PRELIMINARY RESULTS FROM A GROUND PENETRATING RADAR SURVEY OF MOUNT BAKER'S ACTIVE CRATER (SHERMAN CRATER), WASHINGTON

Mount Baker, in western Washington, is considered the second most active volcano in the Cascade arc. Glacier-filled Sherman Crater, the currently active center, is located 350 m lower than, and about 800 m south of, the summit. Sherman Crater has a history of sudden, significant increases in geothermal activity (e.g., 1975), and communities and reservoirs lie directly in the path of potential lahars from the crater. To assess the threat of lahars to these downstream communities, we used Ground Penetrating Radar to determine the volume of ice within the crater and image the crater’s subglacial morphology.

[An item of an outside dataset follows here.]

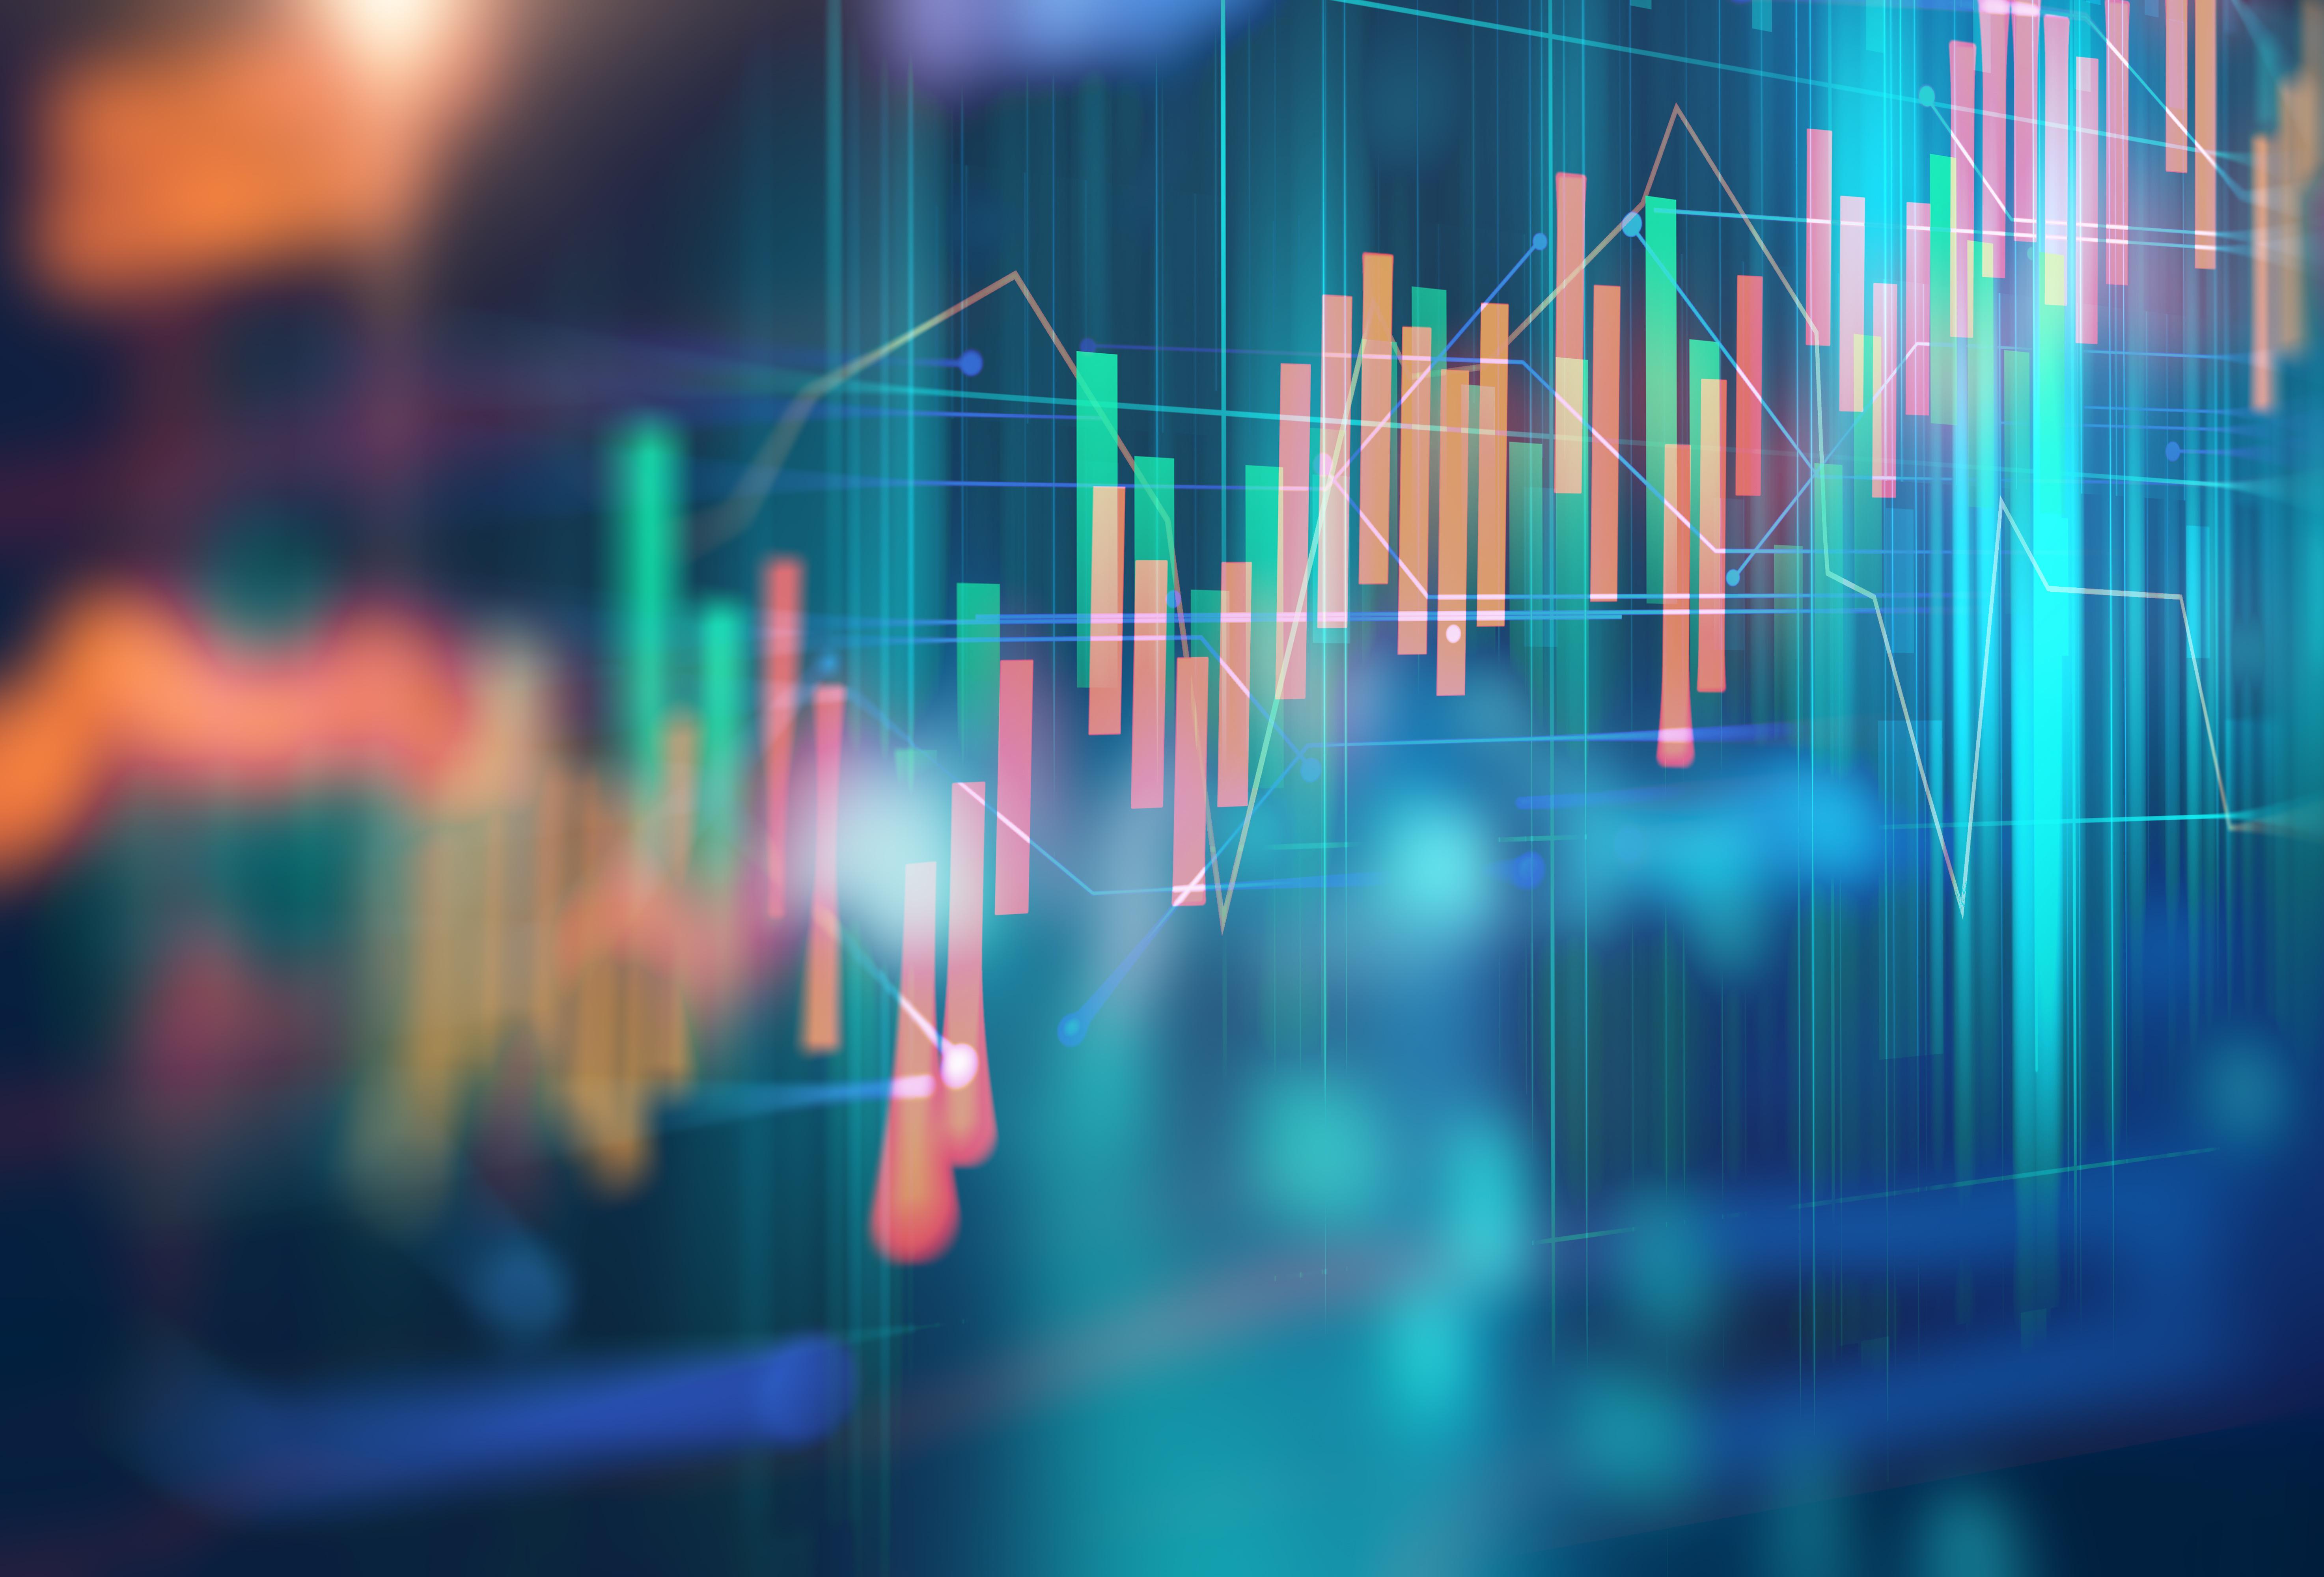 Avantages de la responsabilité sociale d'entreprise : graphique financier technique sur fond technologique

We used a GSSI SIR-3000 GPR system and a low frequency (80 MHz) antenna in common offset (reflection) collection mode to create subglacial profiles along several west-east and south-north transects within the crater. We also used the GPR in common midpoint (CMP) collection mode to determine the velocity and dielectric structure of the ice and bedrock beneath the ice. GSSI’s RADAN 6.0 was used to match the surface elevation to the surface topography of the ice, based on altimeter readings.

Our preliminary GPR profiles reveal a distinct basal reflector at the ice-bedrock interface as well as numerous internal reflectors likely related to zones of enhanced subglacial melting and to dust/debris layers formed during summer ablation. Along west-east transects, the crater’s bedrock topography largely follows the glacier’s surface, but thins dramatically at the lowest 85 m towards the eastern breach. Assuming a uniform EM wave velocity through the ice of 0.168m/ns (following a previous GPR survey of the Carmelo (summit) crater), we estimate the maximum ice thickness to be ~50 m. A strong sub-horizontal reflector near the deepest part of the crater, adjacent to the eastern breach, suggests the presence of a subglacial lake.

Ongoing GPR and CMP work in the crater this summer should further unlock mysteries held within the ice of Sherman Crater and help us assess the threat of lahars from potential melting of the crater glacier.